# TensorRec recommender system:
## The input data that it uses: user features, item features, and interactions.


### Raw ratings load :Each row represents a single rating: one user and one item. We’ll be using these ratings(frequency) as our interactions between the user and the product.

In [None]:
1

In [None]:
import csv
# Open and read in the ratings file
print('Loading ratings')
with open('transaccional_sample.csv', 'r') as ratings_file:
    ratings_file_reader = csv.reader(ratings_file)
    raw_ratings = list(ratings_file_reader)
    raw_ratings_header = raw_ratings.pop(0)

len(raw_ratings)

In [None]:
import collections
# Iterate through the input to map Item and User IDs to new internal IDs
# The new internal IDs will be created by the defaultdict on insertion
idcte_to_internal_user_ids = collections.defaultdict(lambda: len(idcte_to_internal_user_ids))
idfam1_to_internal_item_ids = collections.defaultdict(lambda: len(idfam1_to_internal_item_ids))
for row in raw_ratings:
    row[0] = idcte_to_internal_user_ids[int(row[0])]
    row[1] = idfam1_to_internal_item_ids[int(row[1])]
    row[2] = float(row[2])
n_users = len(idcte_to_internal_user_ids)
n_items = len(idfam1_to_internal_item_ids)
print(len(idcte_to_internal_user_ids.keys()))
print(n_users)
print(n_items)

In [None]:
idfam1_to_internal_item_ids
idcte_to_internal_user_ids

In [None]:
from collections import defaultdict
import csv
import numpy 
import random
from scipy import sparse
from sklearn.preprocessing import MultiLabelBinarizer

In [None]:
# Shuffle the ratings and split them in to train/test sets 80%/20%
random.shuffle(raw_ratings)  # Shuffles the list in-place
cutoff = int(.8 * len(raw_ratings))
train_ratings = raw_ratings[:cutoff]
test_ratings = raw_ratings[cutoff:]


### Next, we reorganize these ratings in to a Scipy sparse matrix. In this matrix, every row represents a user and every column is an item. The [i, j]th value in this matrix is User i’s interaction with Item j.

In [None]:

# This method converts a list of (user, item, rating) to a sparse matrix
def interactions_list_to_sparse_matrix(interactions):
    users_column, items_column, ratings_column = zip(*interactions)
    return sparse.coo_matrix((ratings_column, (users_column, items_column)),
                             shape=(n_users, n_items))


# Create sparse matrices of interaction data
sparse_train_ratings = interactions_list_to_sparse_matrix(raw_ratings) # creo que aqui ponen toda la data para no perder el encoding
sparse_test_ratings = interactions_list_to_sparse_matrix(test_ratings)



In [None]:
sparse_train_ratings

In [None]:
#!pip uninstall tensorflow -y
#!pip install tensorflow==1.13.1

In [None]:
import tensorflow as tf
print(tf.__version__)

In [None]:
#!pip install tensorrec --ignore-installed

In [None]:
import tensorrec

### TensorRec will perform matrix factorization by default if it is given only identity matrices as user/item features. These identity matrices are often called “indicator features.”

In [None]:
# Construct indicator features for users and items
user_indicator_features = sparse.identity(n_users)
item_indicator_features = sparse.identity(n_items)

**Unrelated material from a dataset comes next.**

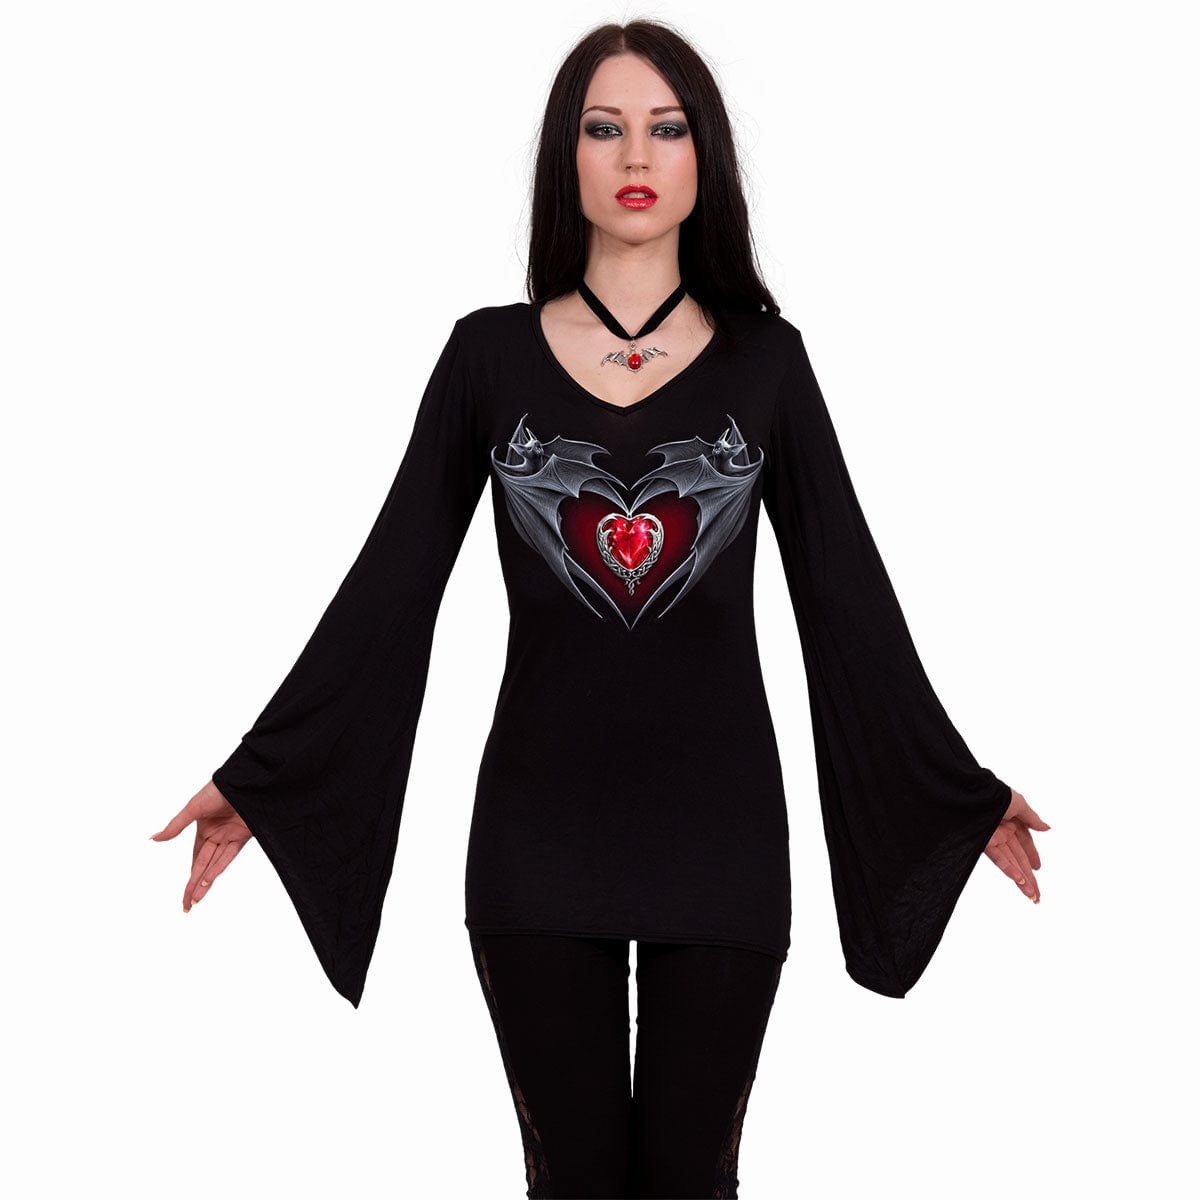 BAT'S HEART - V Neck Goth Sleeve Top Black - Spiral USA

# Build a matrix factorization collaborative filter model
cf_model = tensorrec.TensorRec(n_components=5)

# Fit the collaborative filter model
print("Training collaborative filter")
cf_model.fit(interactions=sparse_train_ratings,
             user_features=user_indicator_features,
             item_features=item_indicator_features)

In [None]:
# Create sets of train/test interactions that are only frequency > 1 since these represent the products that have been purchased 
sparse_train_ratings_1plus = sparse_train_ratings.multiply(sparse_train_ratings >= 1)
sparse_test_ratings_1plus = sparse_test_ratings.multiply(sparse_test_ratings >= 1)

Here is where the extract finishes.